An electrical unit, along with the battery module, can be supported through a lower case 120 at the lower end of the battery pack 100 while the upper end of the battery pack 100 can be covered by an upper case 110.

A member-shaped side surface member 130 can be fixed to the top surface of the lower case 120 and the upper case 110 can be fixed to the upper end of the side surface member 130, sealing off the front, rear, left, and right ends of the battery pack 100 so that the battery pack 100 having a sealed structure can be secured.

Such a battery pack 100 can be mounted and removed on the chassis frame 800 that forms a vehicle body.

Side members 810 can be provided on the right and left sides of the vehicle body, and transverse members 820 can be connected between the right and left side members 810.

The transverse members 820 can be located at selected or predetermined intervals in the length direction of the side members 810 and the battery pack 100 can be removably coupled to a rectangular battery mounting area (a) formed between the right and left side members 810 and the front and rear transverse members 820 so that the battery pack 100 may be replaced.

Specifically, a pin-shaped fastening portion can protrude upward from the side surface members 130 positioned at the front and rear ends of the battery pack 100.
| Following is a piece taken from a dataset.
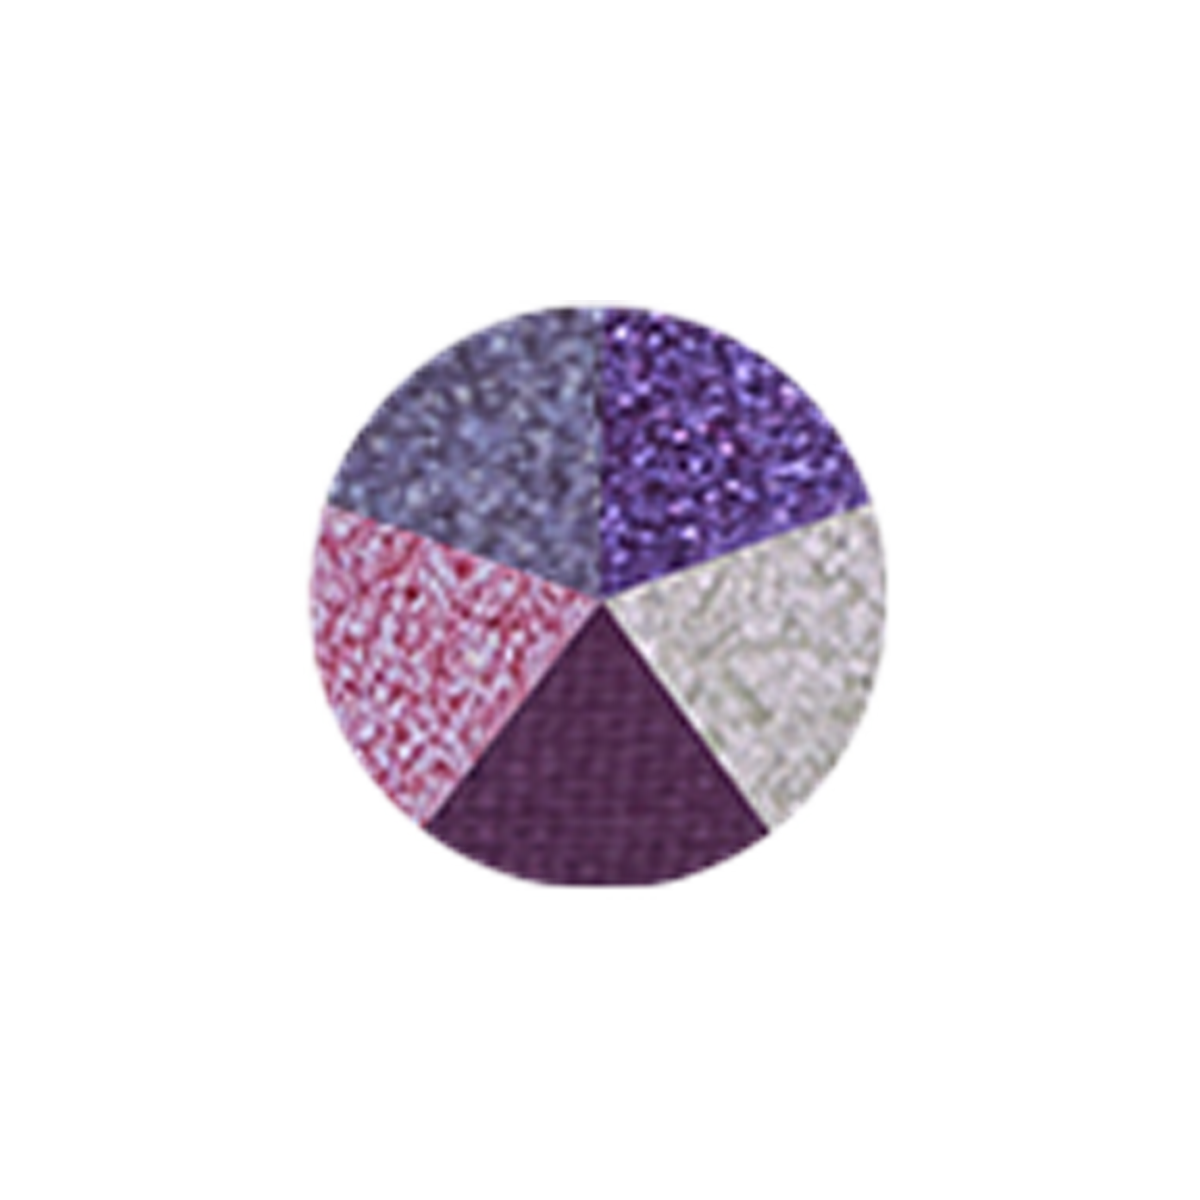 Byredo - Eyeshadow 5 Colours Purple Echo

A groove-shaped fastening groove portion can be formed at a position on the underside of the transverse member 820, facing the mounting portion so that the battery pack 100 may be mounted and removed on the transverse member 820.
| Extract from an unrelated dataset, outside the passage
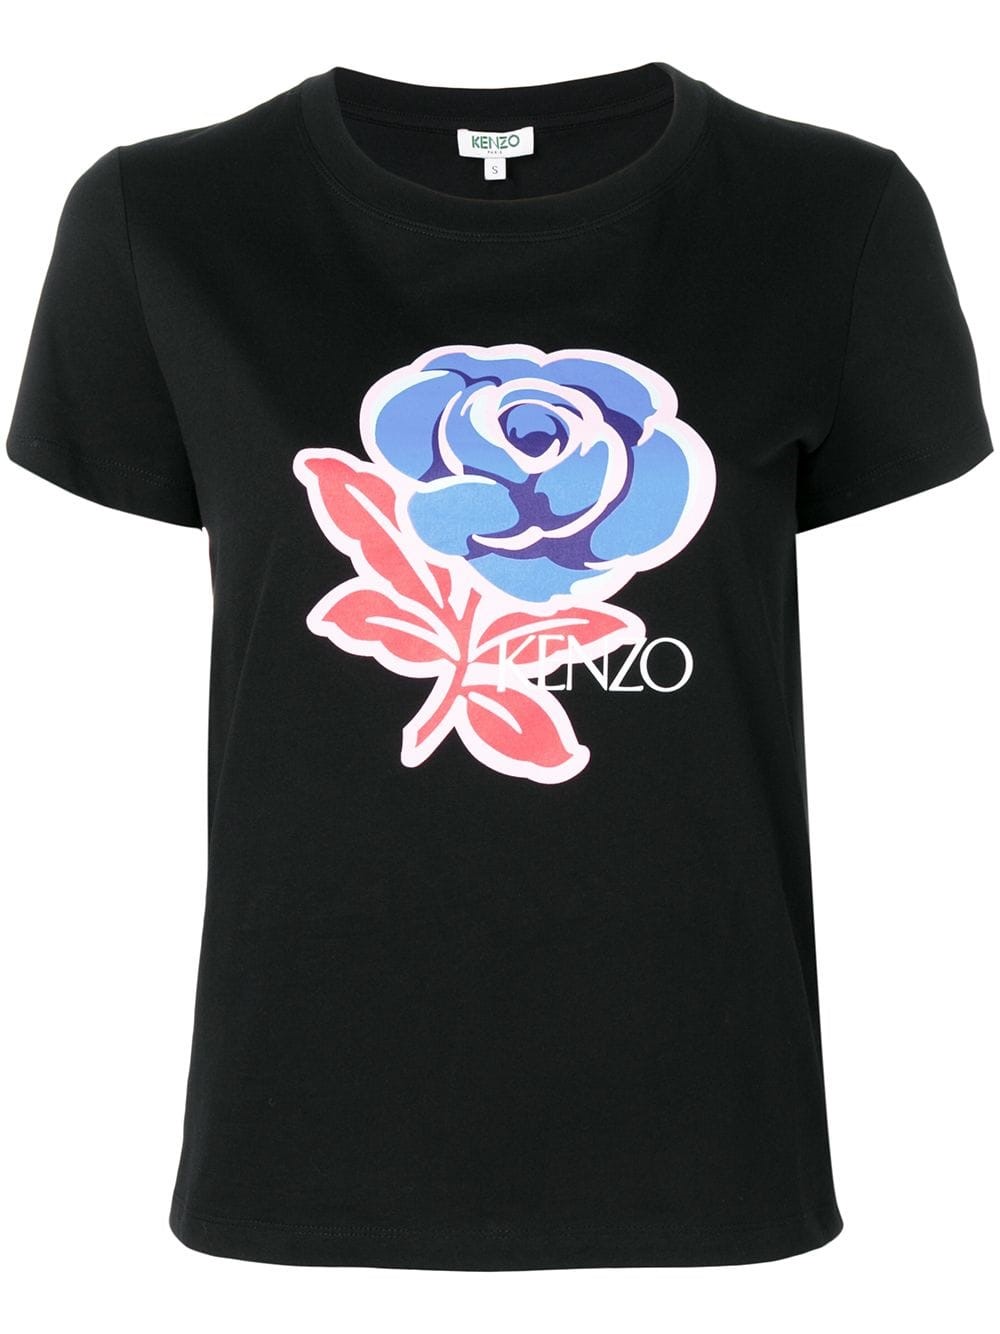 tee shirt kenzo rose

At least one battery mounting area (a) can be formed in the front-rear direction of the vehicle, with each battery mounting area (a) accommodating a battery pack 100.

However, even when battery packs 100 are mounted in all battery mounting areas (a), a gap (g) can be formed between the battery packs 100a, 100b, allowing the potential entry of foreign matters from outside through the gap (g).

To prevent the entry of foreign matters, as illustrated in FIGS. 3 to 5, the cover bracket 200 can be fixed to the rear end side surface member 130 formed in the front battery pack 100a, facing the rear battery pack 100b. The cover bracket 200, configured in an ‘L’ shape, can include a vertical portion fixed to the side surface member 130 in the vertical direction and a horizontal portion can be extending toward the rear battery pack 100b in the horizontal direction.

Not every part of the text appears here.